Football’s rule-making body IFAB has decided to undertake a major review of the offside law in order to “foster the spirit of attacking play”.
IFAB (International Football Association Board) will hold consultations over the next 12 months on the law with proposals expected at the end of that process.
At the 134th general meeting of the lawmaking body in Belfast, David Elleray, who is technical director at IFAB, said the aim was to look at offside in a philosophical manner given the introduction of VAR.
“Assistant referees were always told (in the past), ‘if in doubt, give the benefit of doubt to the attacking team’. What technology, VAR and non-VAR, has done is actually take that doubt away.
“Ideas about how you judge offside, in one sense, won’t change because you will always have the question of where do you draw the line?
“Football is saying to us that we don’t think that your toe being two centimetres in front of the end of a defender is a significant enough advantage to be penalised.

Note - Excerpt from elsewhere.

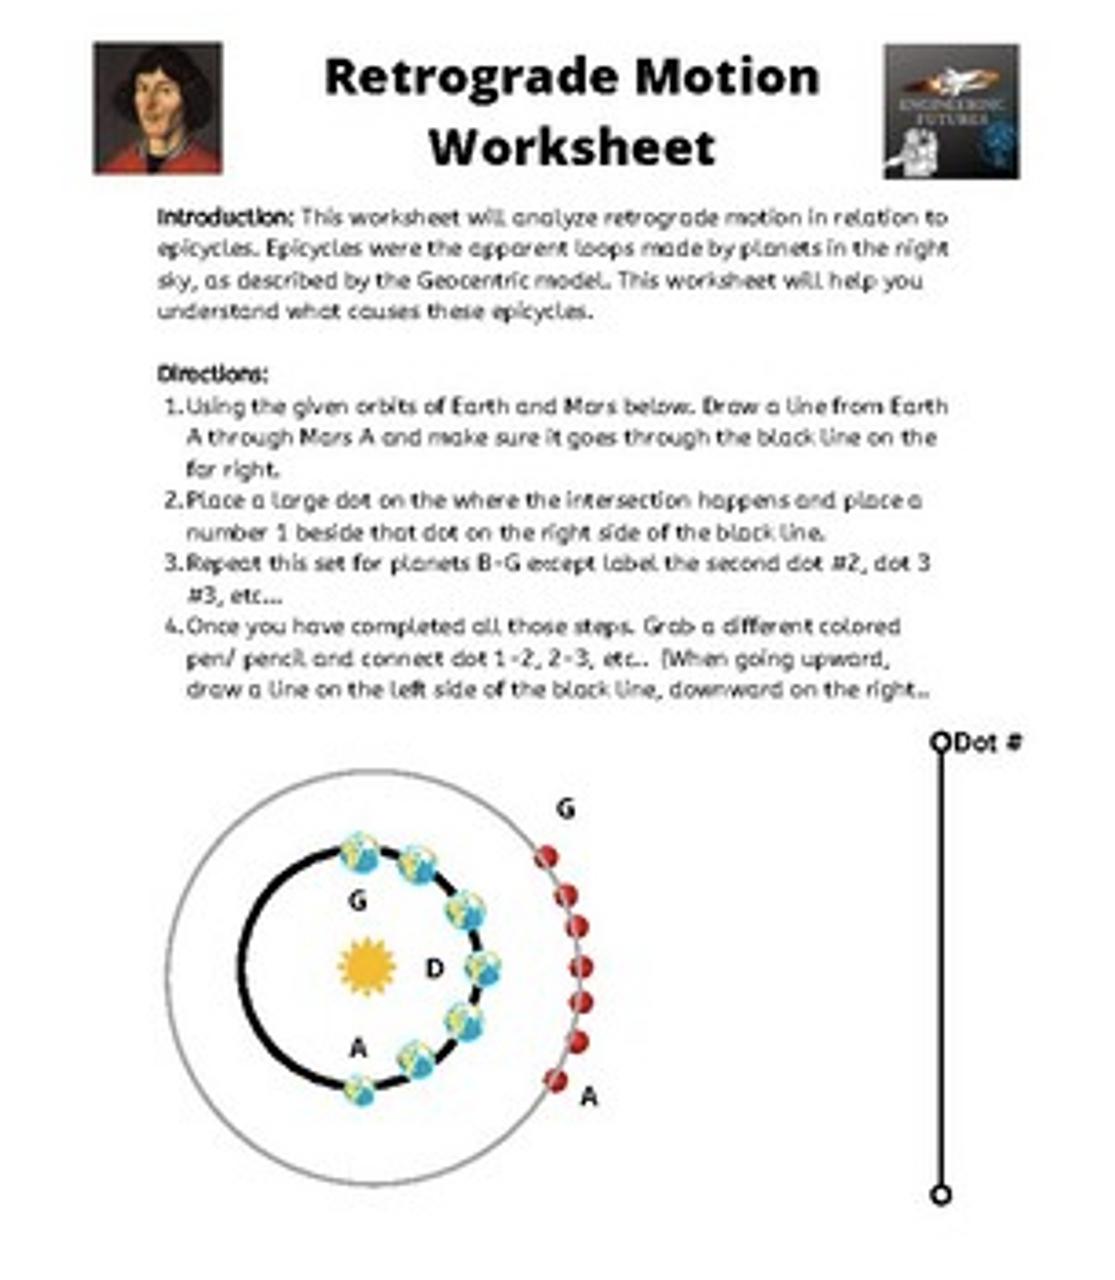 Retrograde Motion Worksheet

“It is not going to change the accuracy it is saying, philosophically how do we want offside? Is it appropriate for us to say, can we change the law to restore more benefit to attacking football?”
The organisation also said it will try out the use of additional substitutions for concussion cases with FIFA saying it is ready to introduce trials at this year’s Olympic Games starting in July.
The idea is for any withdrawal of a concussed player not to count against a team’s regular total of three subs.